2. Expanded training and tracking — This would encourage the development of a more uniform standard of care where opioid prescribers would be held to greater accountability and also required to attend an education program before renewing their opioid prescribing licenses. It would also require prescribers to use a national prescription drug-monitoring program (PDMP) in order to make opioid prescriptions traceable, helping reduce the common loophole of patients seeking multiple prescriptions from different providers without proper monitoring.

3. Expanded staffing to put more hands on deck — This could allow the Department of Health and Human Services to add staff, and appears to allow the Department of Labor some room to hire staff and shift around some funding in order to direct energy toward the crisis.

4. Expanded awareness and reduced stigma — One of the commission’s key goals is to reduce stigma surrounding opioid use disorder, partly through a proposed media campaign aimed at spreading awareness that opioid addiction can happen to anyone and is not a mark of failure.

Many of these recommendations echo those of the 2015 Interagency Guideline on
Prescribing Opioids for Pain
, which the Bree endorsed as part of the ongoing Opioid Prescribing Guideline Implementation workgroup, and also align with the work of our Opioid Use Disorder Treatment workgroup. If you’d like to learn more or attend one of these workgroups, follow these links.

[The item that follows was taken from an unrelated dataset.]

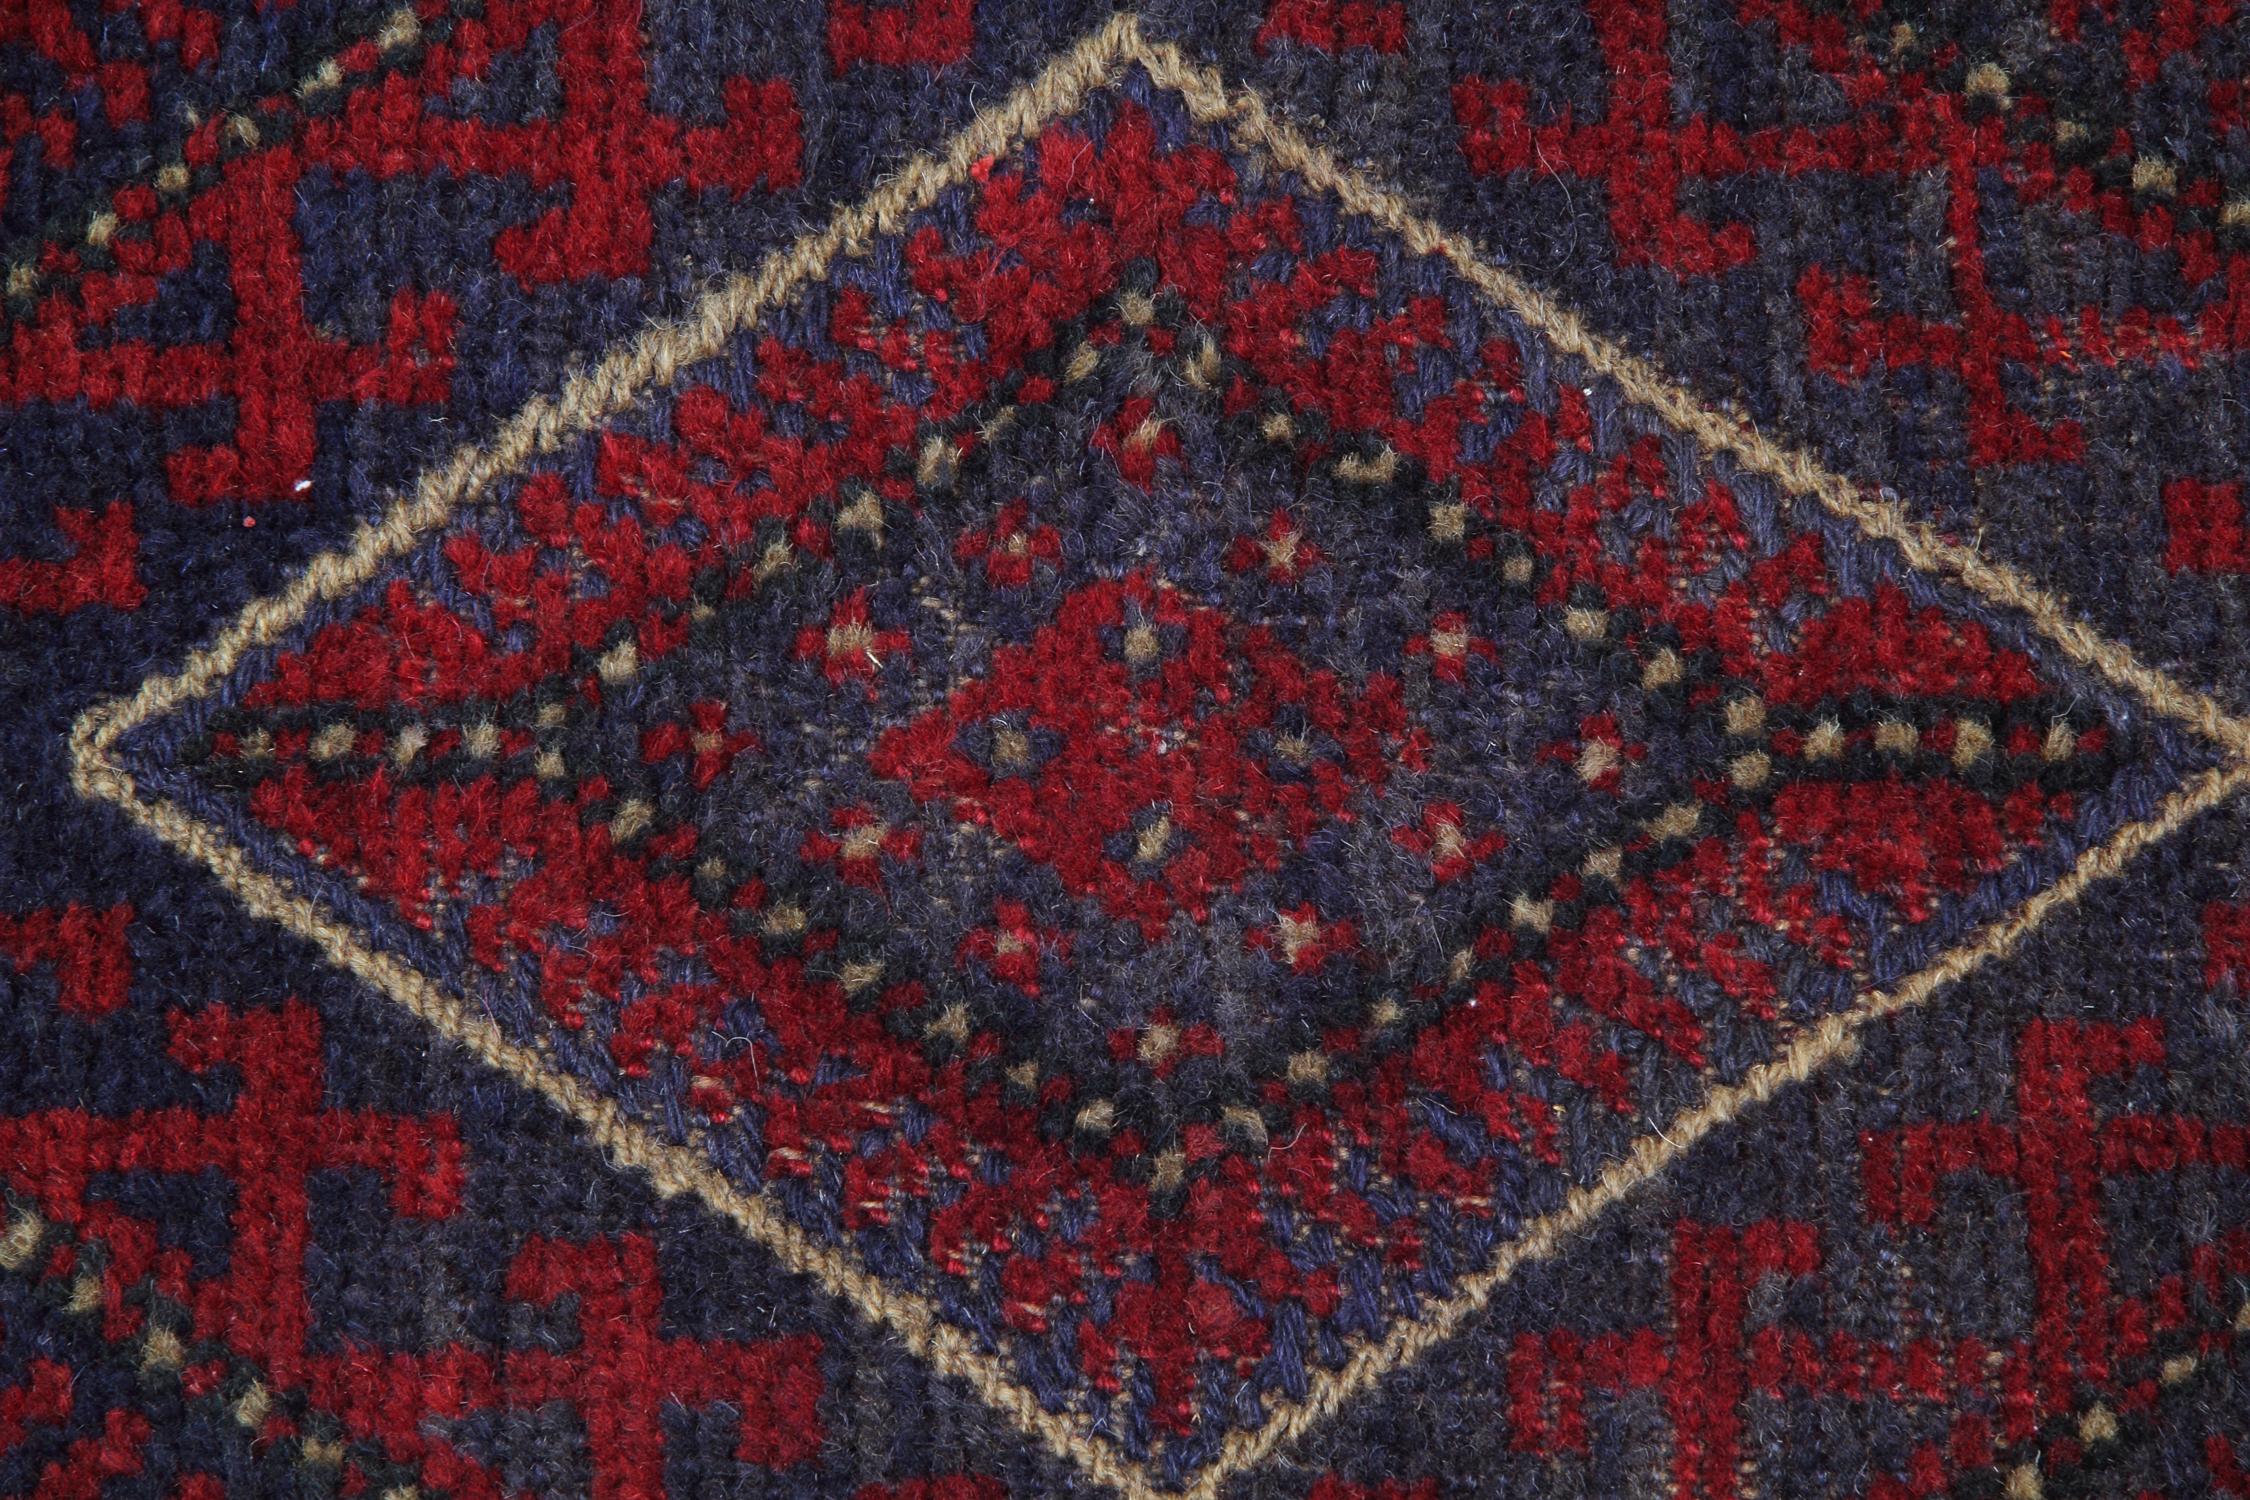 This impressive antique red rug is made from our master weavers in Caucasia. These particular carpet runners are made with all-natural vegetable dyes. The patterned rugs display an all-over geometrical rug pattern. This woven rug also has an

In August, the same Opioid Commission issued a draft report of its recommendations, which New Yorker writer Amy Davidson Sorkin noted “demonstrates the crucial role that Medicaid plays in addressing the crisis, and the program’s still greater potential for combating it.”

This, says Sorkin, helps offer an explanation for the tough time Mitch McConnell had garnering support for proposed ACA repeals that called for deep cuts to Medicaid, particular from those colleagues representing states feeling the deepest effects of the opioid crisis.


As we wait to see how the next steps will play out, there is reason to be optimistic. No matter how you slice it, declaring the opioid crisis an emergency of any kind does, at long last, do one thing and that is make the it a bigger issue. The hope is that doing so invokes a much needed national push to direct pointed, positive energy toward addressing the crisis, bringing it out of the shadows, and helping to save lives.